» **The data**:
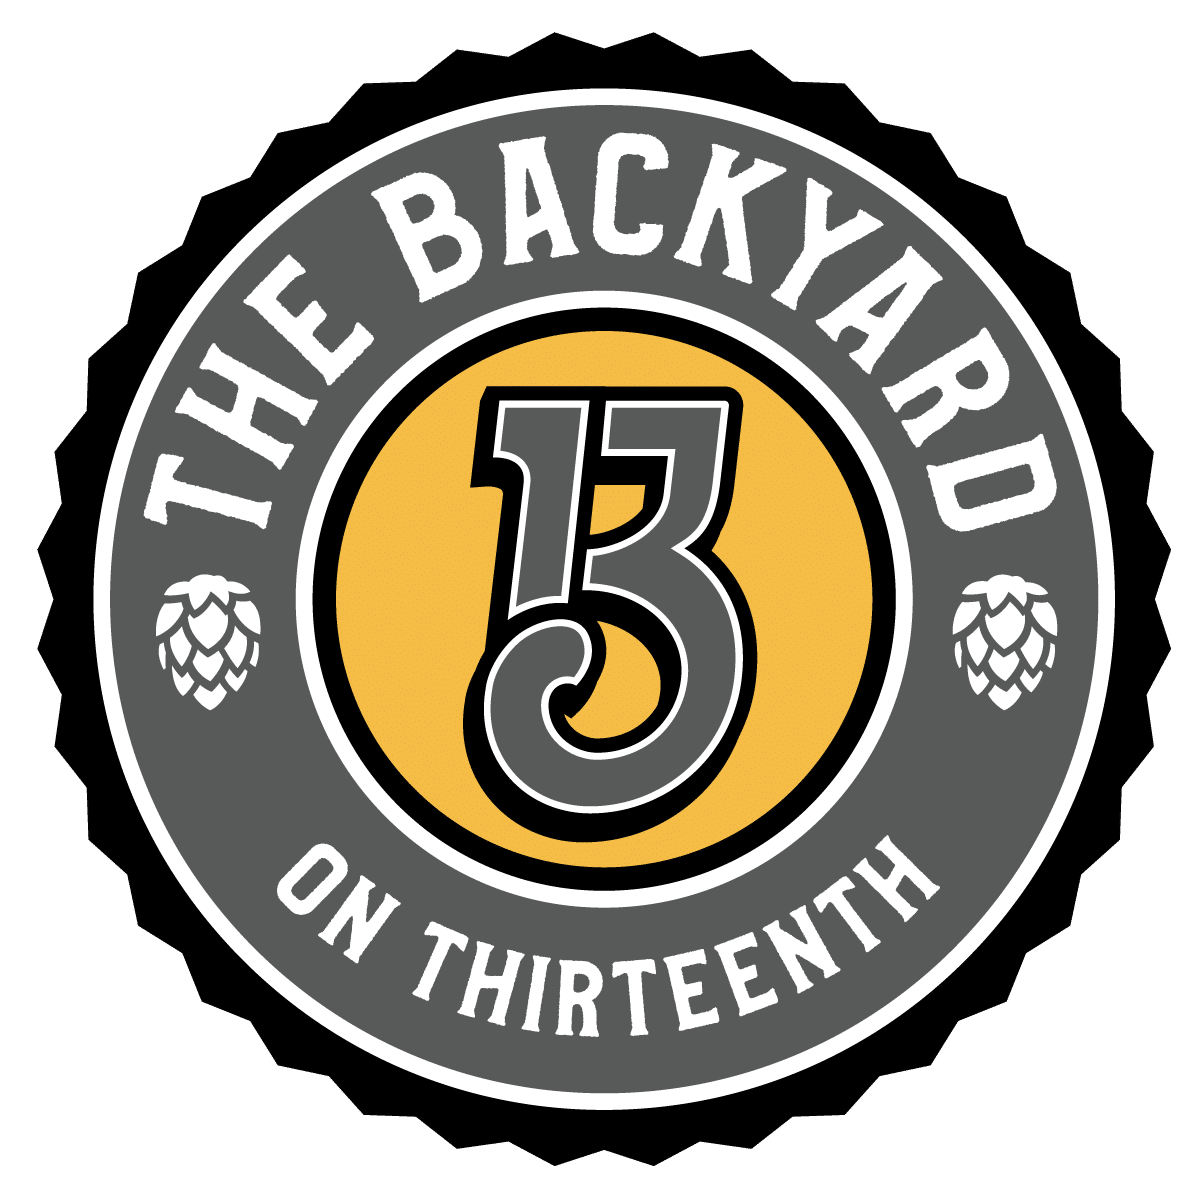 The Backyard Beer Garden Logo
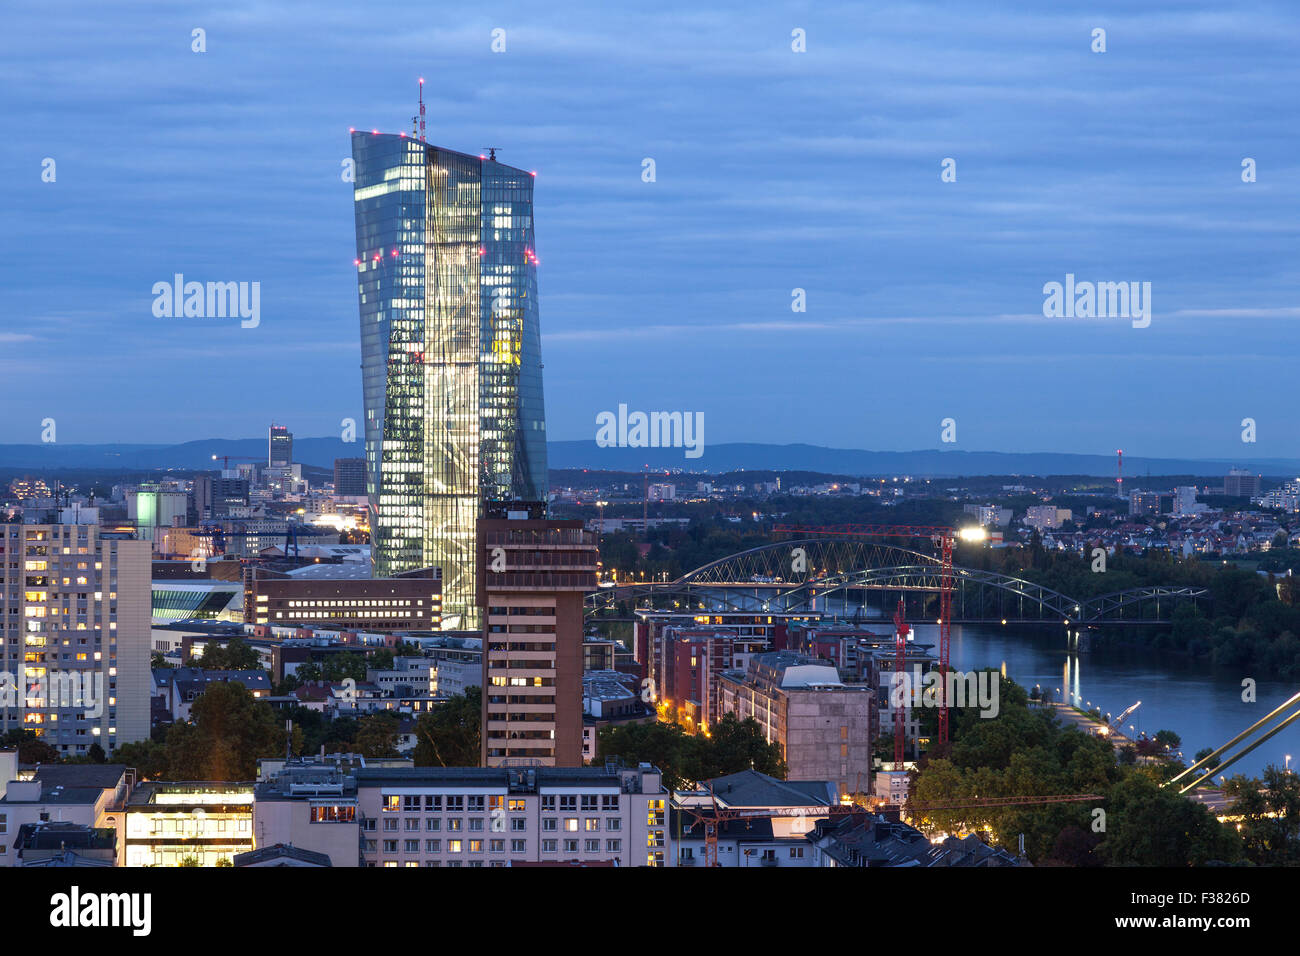 Banca centrale europea (BCE) nella città di Francoforte sul Meno di notte, Germania Foto Stock
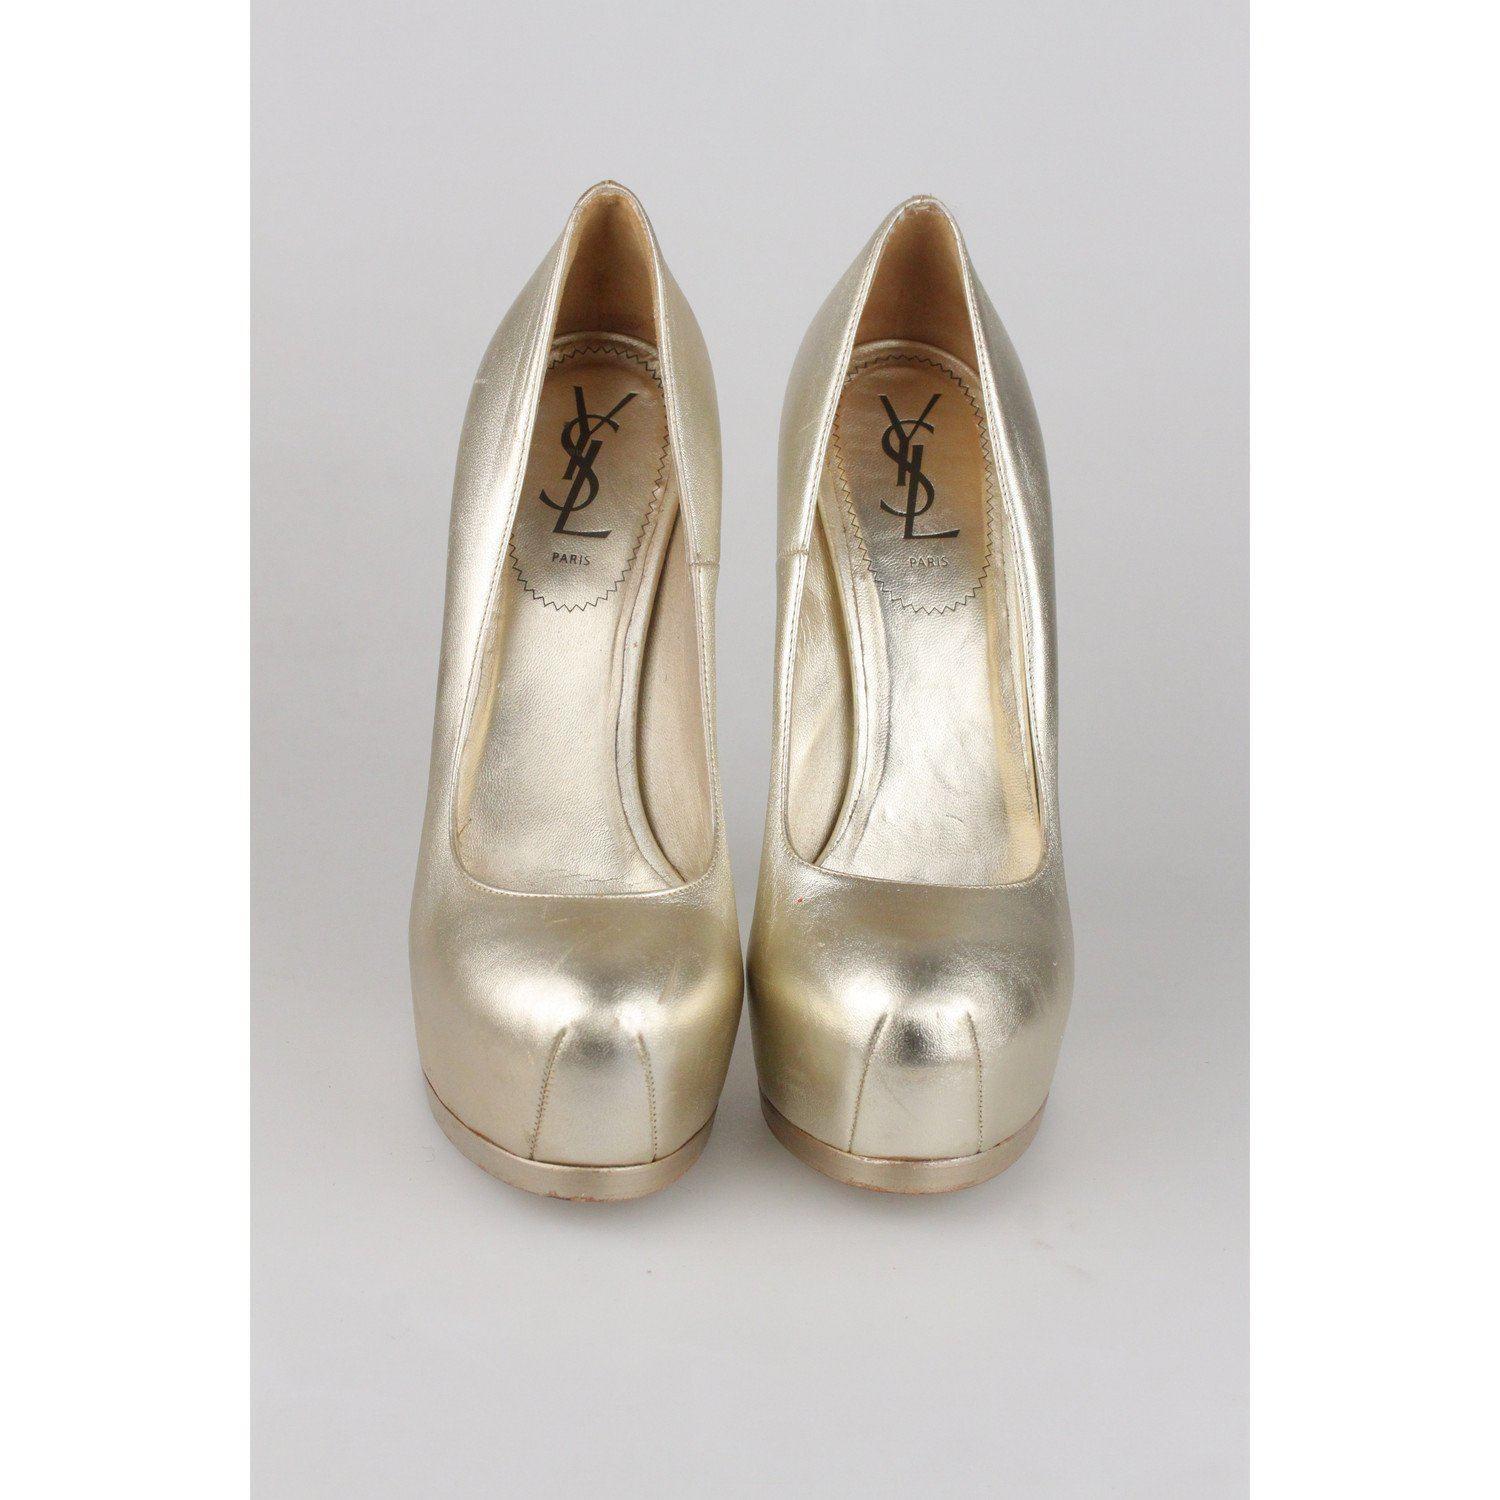 YVES SAINT LAURENT Gold Metal Leather Platform Pumps Heels Shoes Size 39 2

» **Work task**: Copy out all the data above exactly, minus the images.

» **Problem solution**:
 The Backyard Beer Garden Logo
 Banca centrale europea (BCE) nella città di Francoforte sul Meno di notte, Germania Foto Stock
 YVES SAINT LAURENT Gold Metal Leather Platform Pumps Heels Shoes Size 39 2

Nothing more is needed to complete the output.